#### [TASK]
With the pictures removed, write out the data below exactly.

DATASET EXTRACT START

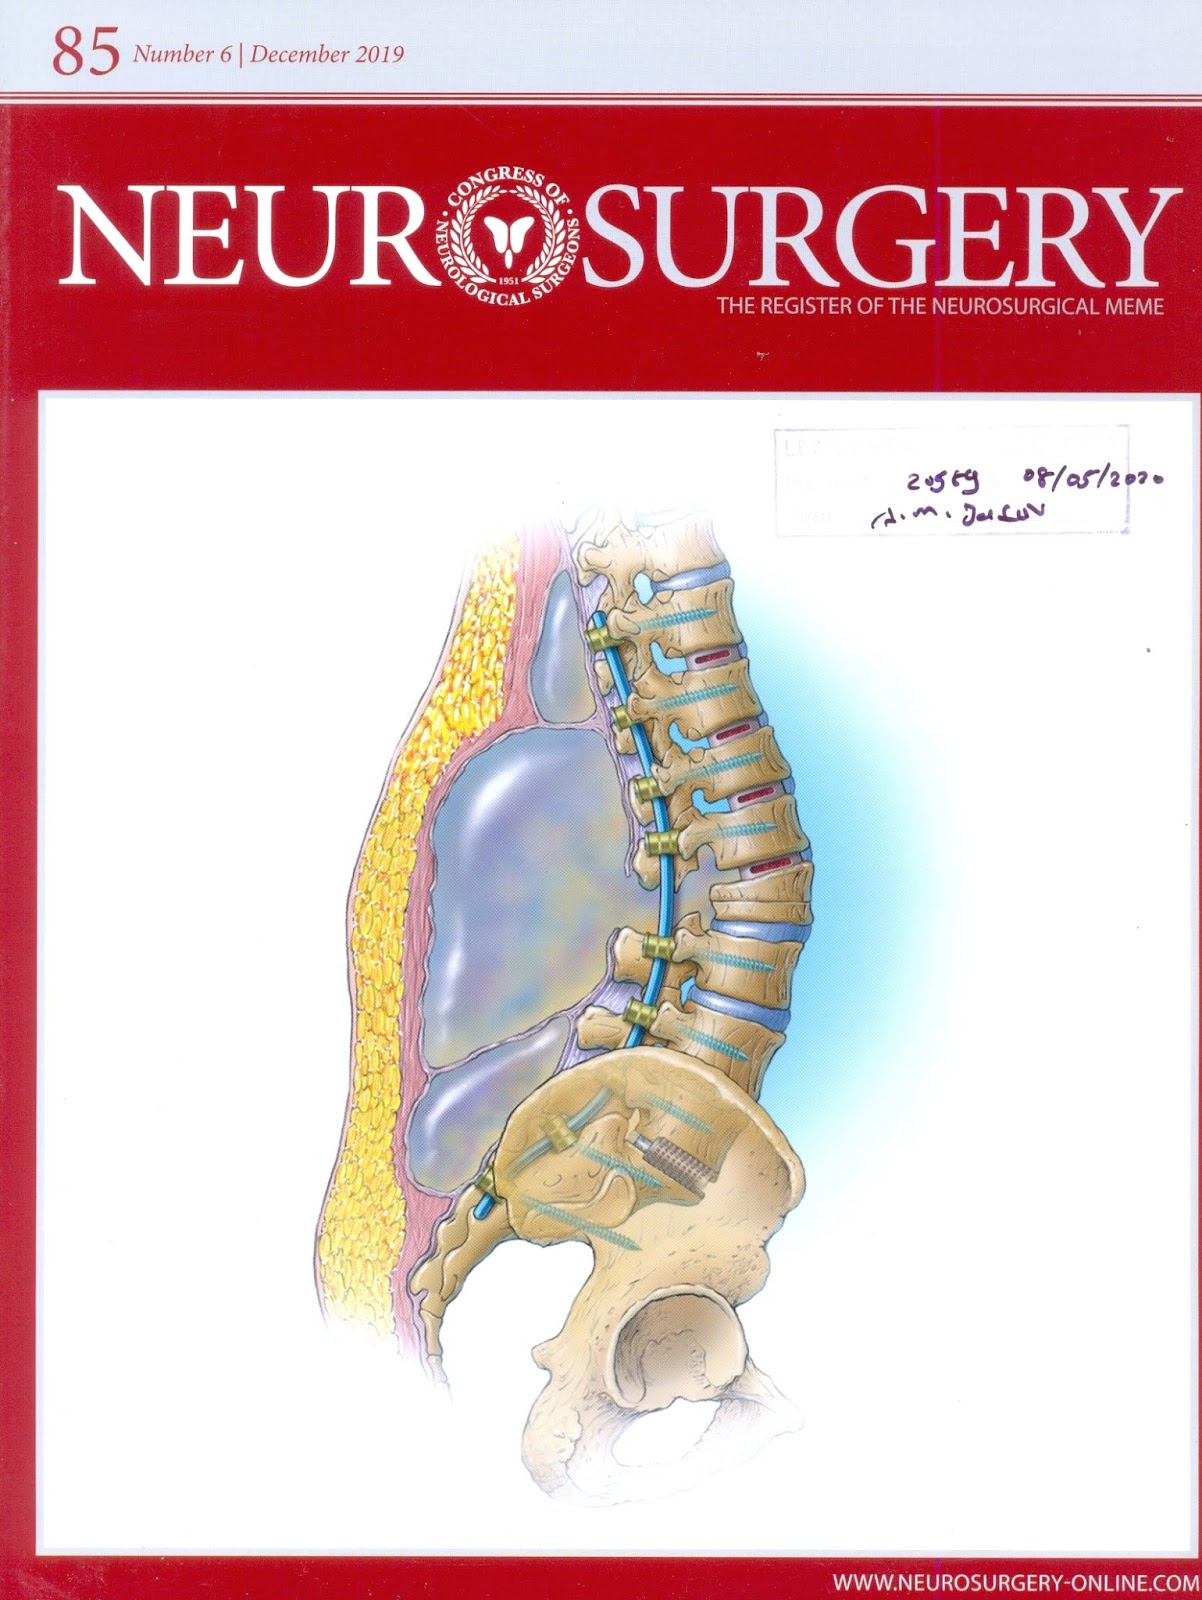 https://academic.oup.com/neurosurgery/issue/85/6
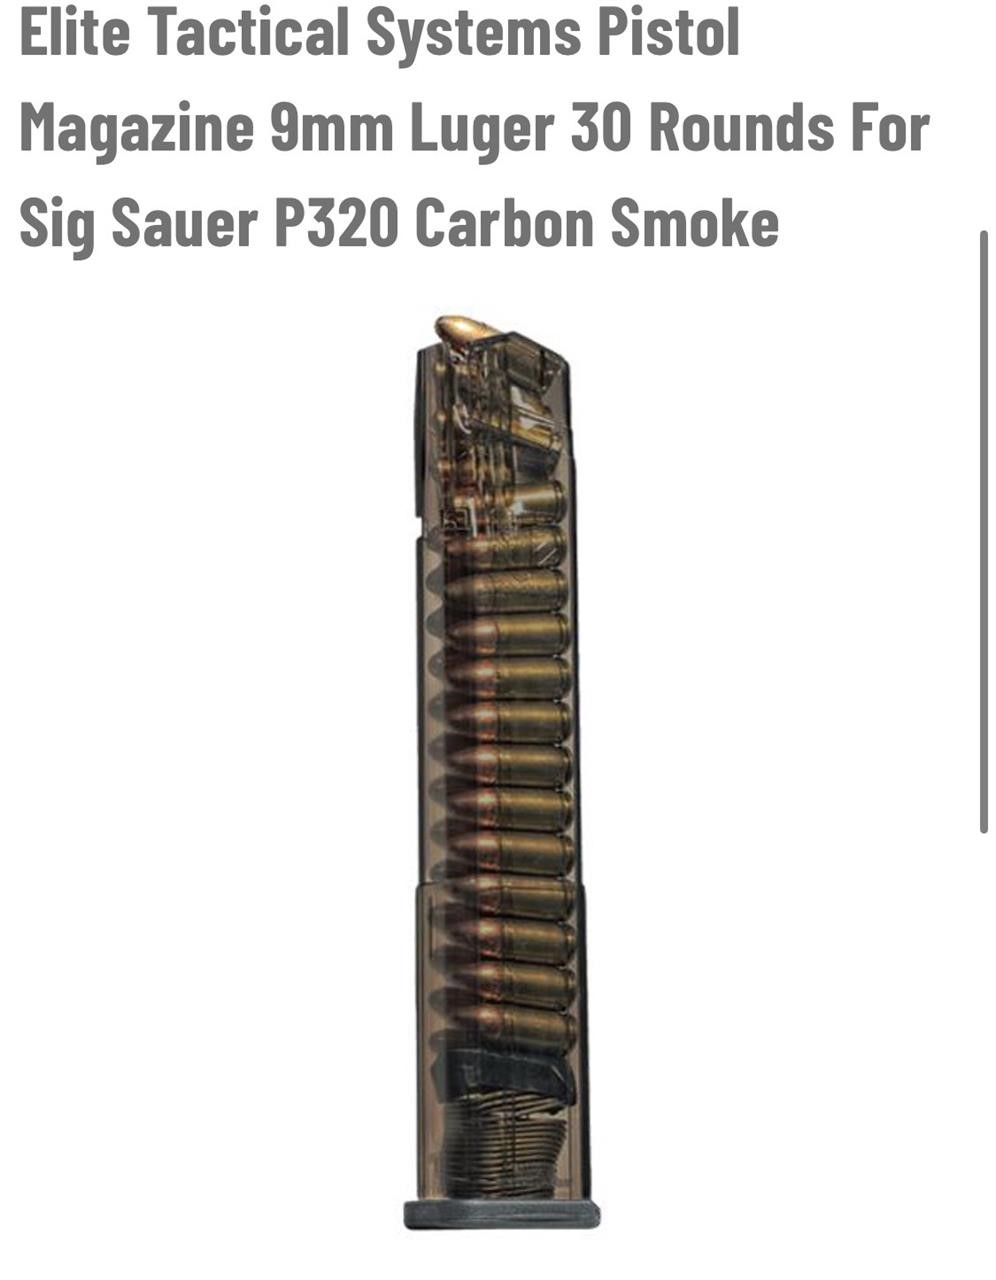 Sig Sauer P320 Carbon Smoke
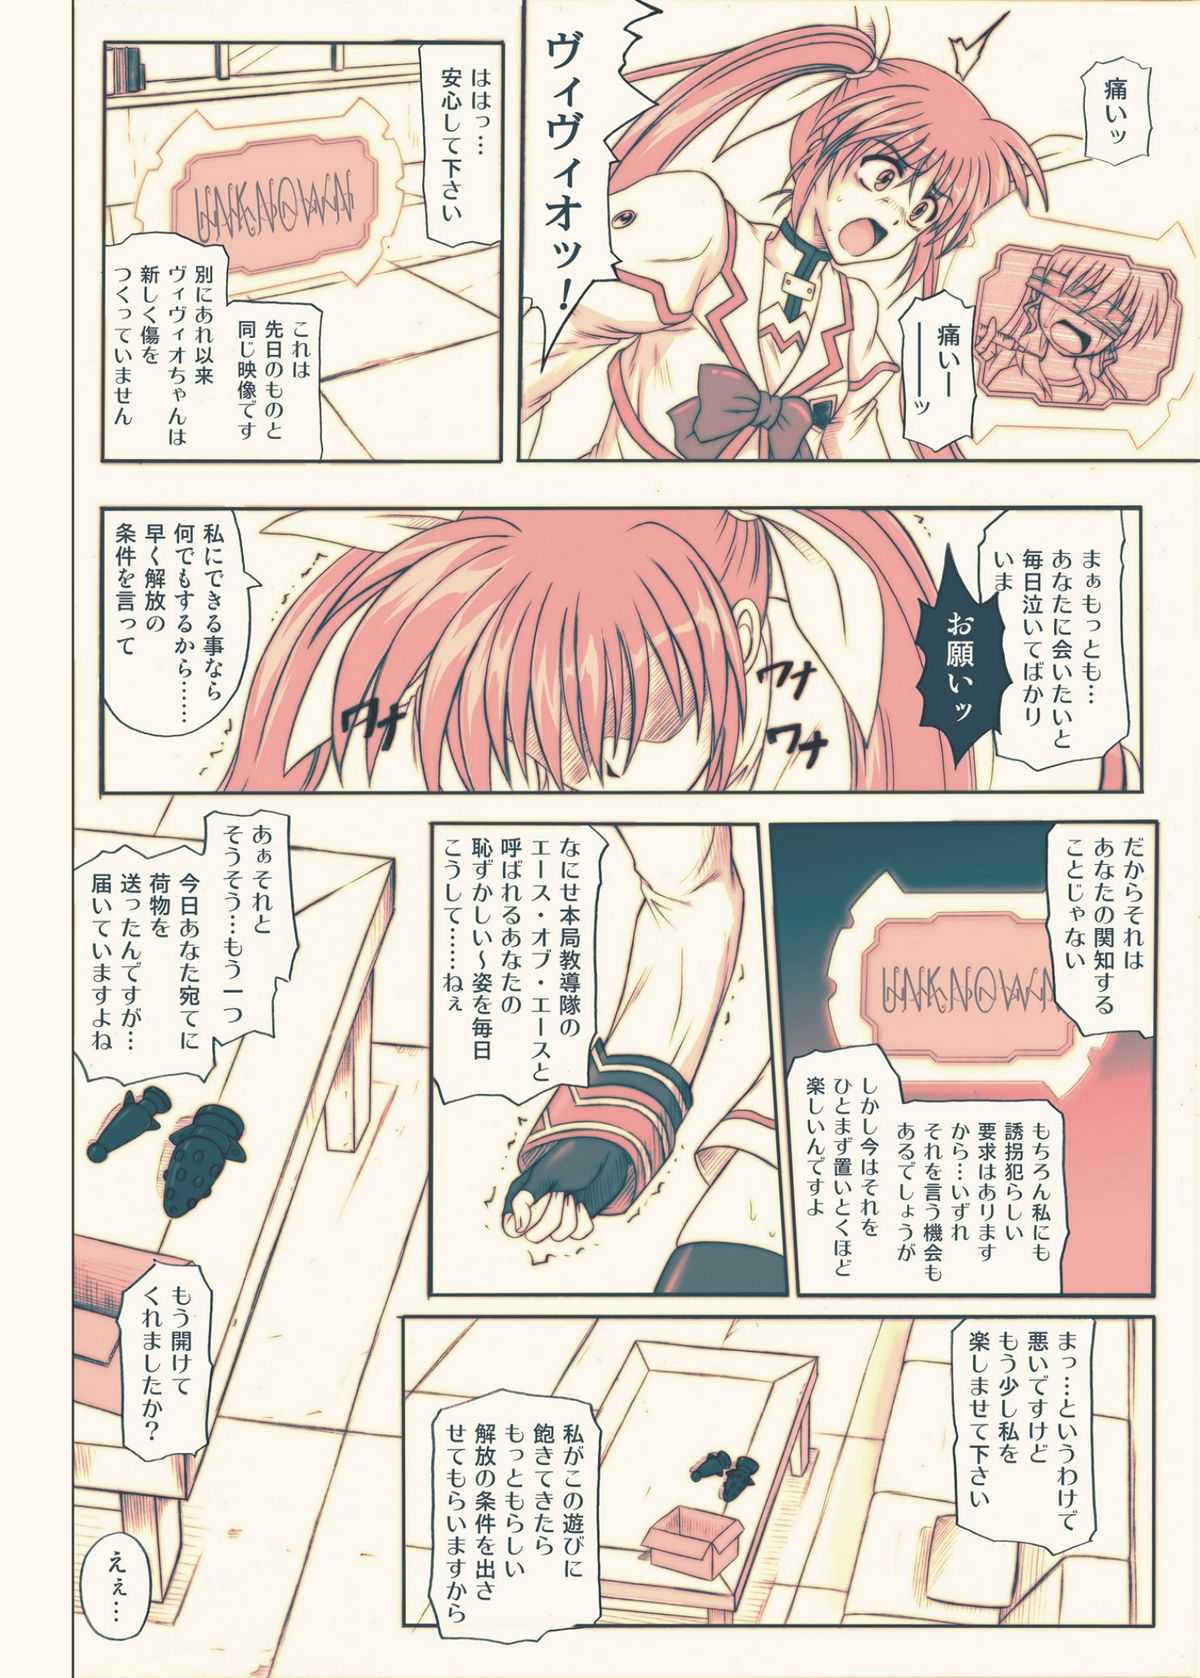 [CYCLONE (Izumi Kazuya)] 840 -Color Classic Situation Note Extention- (Mahou Shoujo Lyrical Nanoha) [Digital] [Colored] [サイクロン (和泉和也)] 840 -Color Classic Situation Note Extention- (魔法少女リリカルなのは) [DL版]

DATASET EXTRACT END

#### [TASK OUTPUT]
 https://academic.oup.com/neurosurgery/issue/85/6
 Sig Sauer P320 Carbon Smoke
 [CYCLONE (Izumi Kazuya)] 840 -Color Classic Situation Note Extention- (Mahou Shoujo Lyrical Nanoha) [Digital] [Colored] [サイクロン (和泉和也)] 840 -Color Classic Situation Note Extention- (魔法少女リリカルなのは) [DL版]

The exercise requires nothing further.